As we reach the enrollment deadline for the Affordable Care Act (ACA), many are still left wondering about dental coverage under the new bill. The National Association of Dental Plans says that over one third of U.S. residents (126.7 million out of 313 million) do not have dental coverage.
Another startling fact is that approximately 70% of U.S. adults between ages 35 and 44 have lost at least one tooth, and the number of missing teeth goes up significantly as those same adults reach retirement age.
That fact, coupled with the lack of dental coverage for so many Americans, is downright terrifying.
While the ACA defines pediatric dental care as an “essential health benefit”, adult dental care isn’t so well-provided-for, despite the clear links between diabetes, dementia, stroke, and pregnancy issues.
And older patients are even less likely to have dental insurance. The American Dental Association recently found that 66% of adults over the age of 65 have no dental coverage whatsoever.

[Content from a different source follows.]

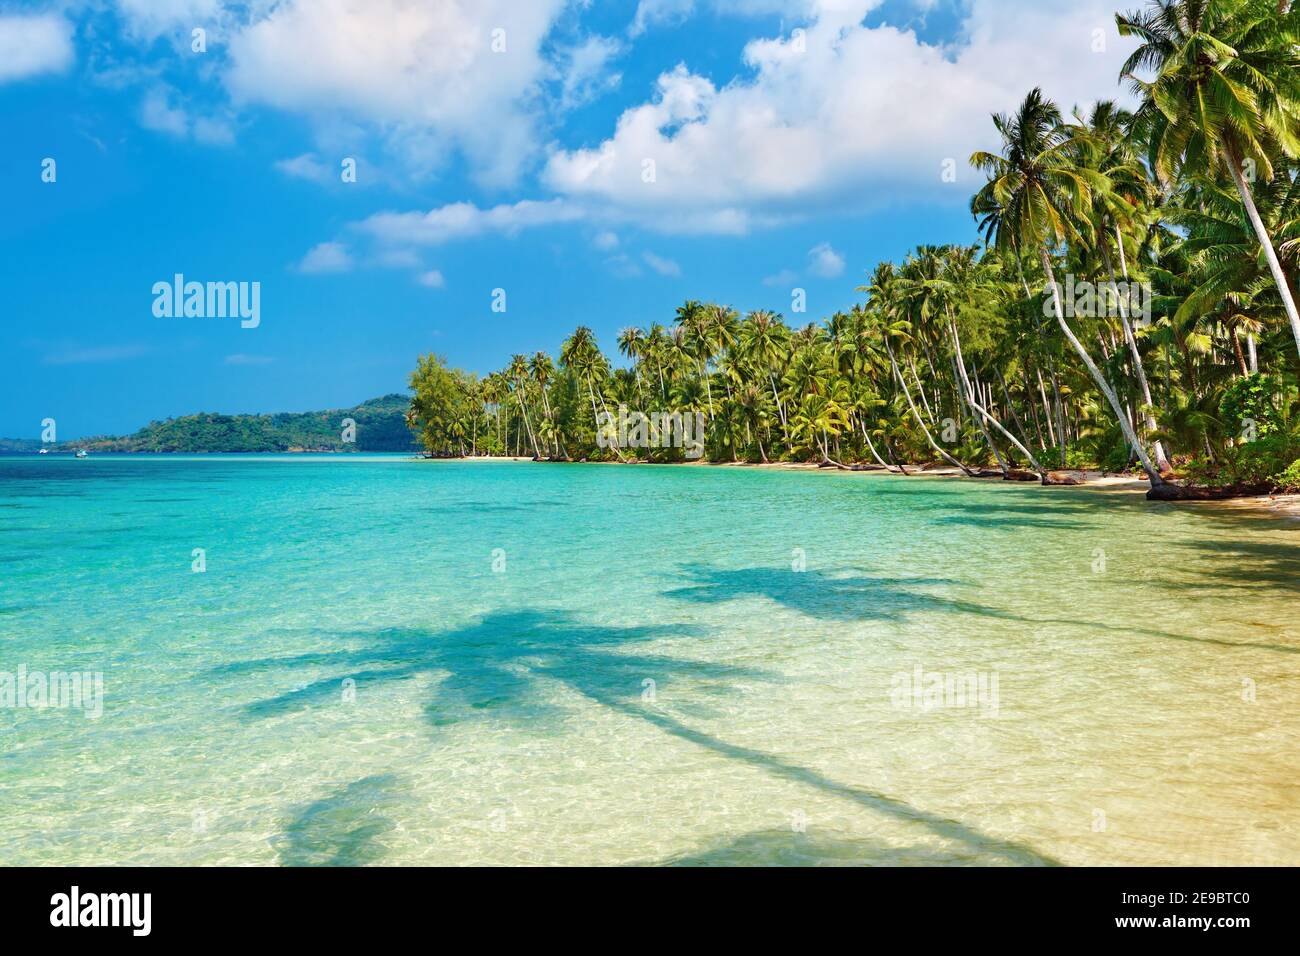 Coconut palms on the beach, Kood island, Thailand Stock Photo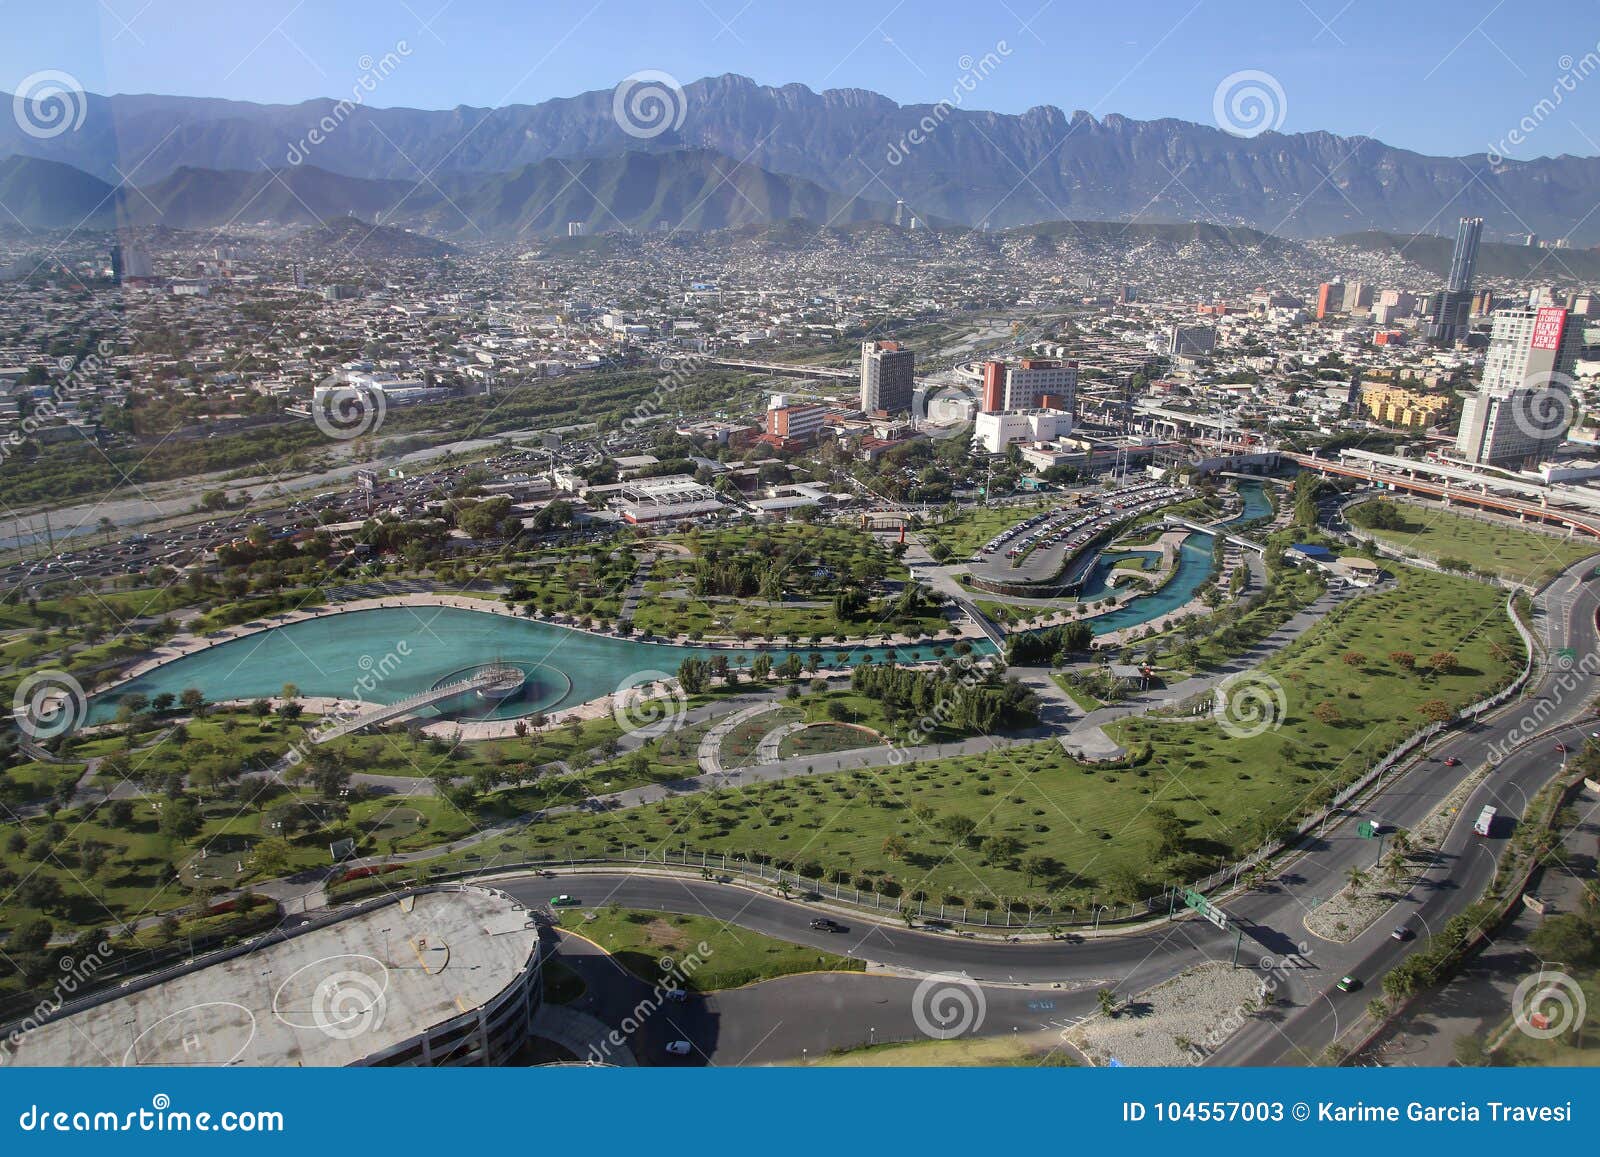 panoramic view of fundidora park in monterrey, mexico

Since adult dental plans are considered optional under the ACA, they must be purchased separately. There are some stand-alone plans available through the exchange, but they require the purchase of one of the offered medical insurance plans. If a buyer is medically insured through their employer, they can’t purchase only dental coverage through the exchange.
“Quality dental care should be accessible and affordable to everyone,” states Jennifer Stoll, president of DentalPlans.com. “Oral and vision care are an essential part of a person’s overall health and well-being and lack of coverage can really impact your quality of life.”